Help for fallen Angels?
Few managers have ever enjoyed a wider range of respect among their peers than Gene Mauch, who recently suceeded Jim Fregosi in that post for the peak-and-valley California Angels. Expected to get out of the starting gate like Secretariat this season, the Angels under Fregosi showed all the acceleration of a mild wagon.
What seemed to upset owner Gene Autry the most was California's lack of aggresiveness; Fregosi's repeated statements that this was a good club that would right itself if left alone; and the team's 9-17 won-loss record at Anaheim Stadium. Even average teams generally play well at home, and the Angels, with three former American League Most Valuable Players in their lineup (Rod Carew, Fred Lynn, and Don Baylor), were expected to score runs in bunches.
Over the years Mauch has been given high marks for understanding players, knowing strategy, organizing well, showing patience without being soft, having a way with pitchers, and always getting more from his material than seemed possible on paper.
Yet in 21 previous seasons as field manager of the Philadelphia Phillies, Montreal Expos, and Minnesota Twins, Gene's teams have finished in the second division 17 times. In fact, no man has ever managed longer in the big leagues without winning a pennant.
Strictly on that basis, one might be tempted to ask the question: Who needs Gene Mauch?
What the reader has to realize is that Mauch has always managed teams that were rebuilding, not long out of the expansion mold, or so financially troubled that the owner was continually trading away his best players. The one time Gene might be faulted as a manager was 1964, when the Phillies, who had a 6 1/2 game lead in the National League race with only 12 to play, lost 10 games in a row and blew the pennant.
Mauch's strategy during that stretch has been questioned -- especially the way he kept bringing back pitching aces Jim Bunning and Chris Short after only two days' rest even though they appeared to some to be arm-weary. But there are still plenty of boosters around who prefer the theory that Gene's players simply panicked after losing a couple of close games and did most of the damage themselves.
The Angels team that Mauch inherited from Fregosi has been emotionally flat all year, short on good pitching, extremely spotty defensively, and unable to generate the run production that was predicted for it in spring training.
The pitching staff, with the exception of seven-game winner Ken Forsch, was never expected to be very good, and it hasn't been, although there have been some surprises.

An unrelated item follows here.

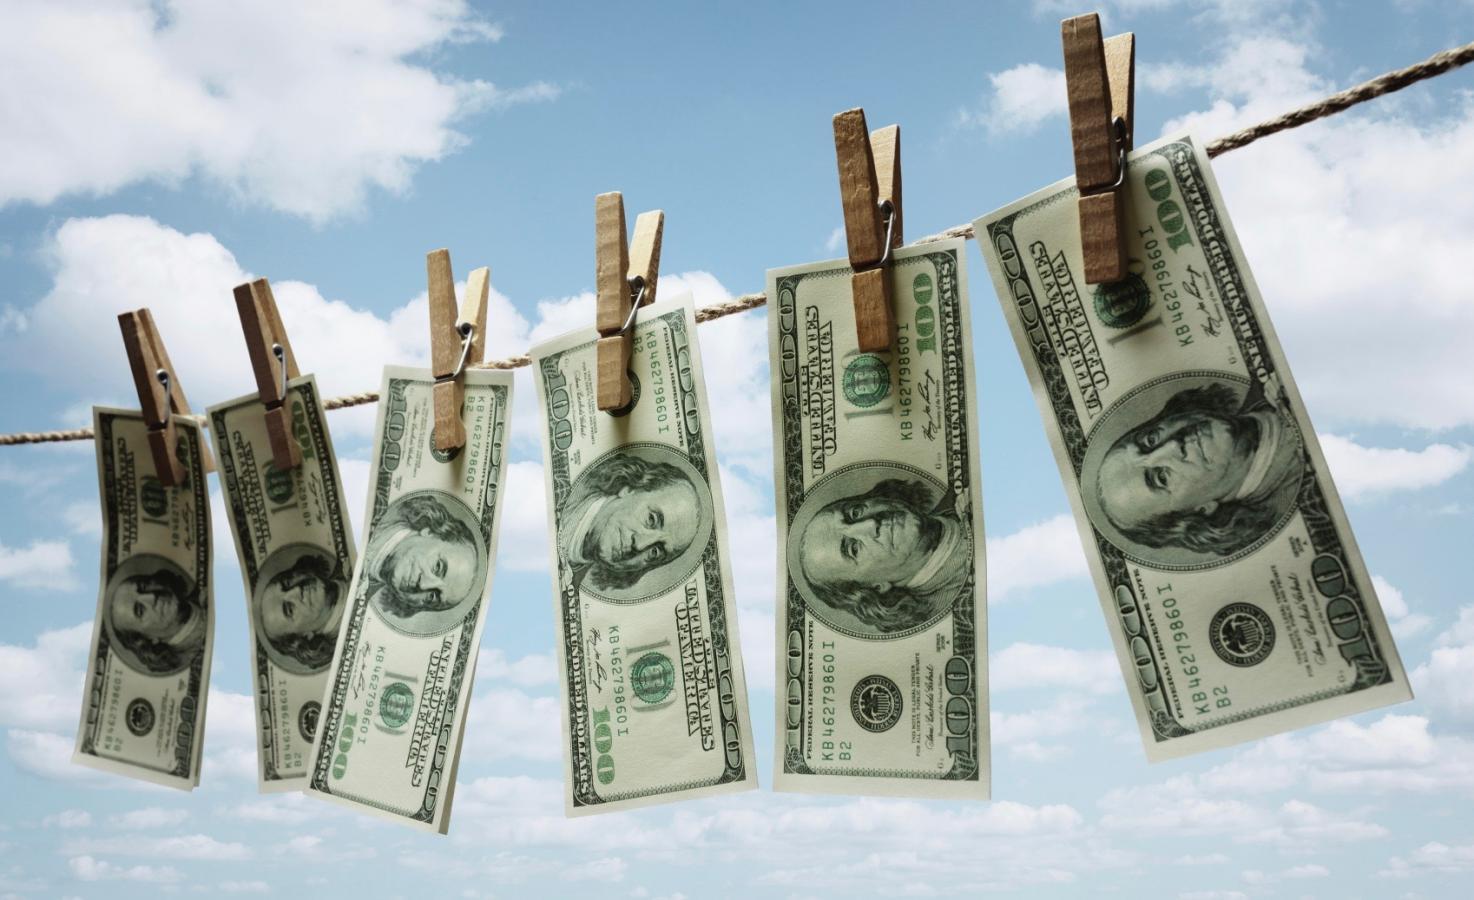 Criptovalute sotto controllo per riciclaggio di denaro e il controllo del finanziamento del terrorismo in Australia - Criptovalute sotto controllo per riciclaggio di denaro e il controllo del finanziamento del terrorismo in Australia

Don Aase has been outstanding working out of the bullpen; Jesse Jefferson has pitched better than his 1-4 record; and rookie Mike Witt has won often enough to suggest a solid future as a starter.
But Geoff Zahn and Steve Renko have been exactly what they were advertised as -- .500 pitchers who work hard, but who are always going to need help from the bullpen to survive. Since Mauch's arrival, former Angel pitchers Dave Frost and Fred Martinez have rejoined the club after starting the season in the minors, with Frost having already picked up one victory.
As a manager, Mauch has always been into some of the same things that have worked so successfully for Billy Martin and Earl Weaver -- meaning frequent lineup changes, plus regular use of such things as the stolen base and the hit-and run. Gene is also constantly updating charts that show what each of his hitters has done against every pitcher in the league over the previous five or six years.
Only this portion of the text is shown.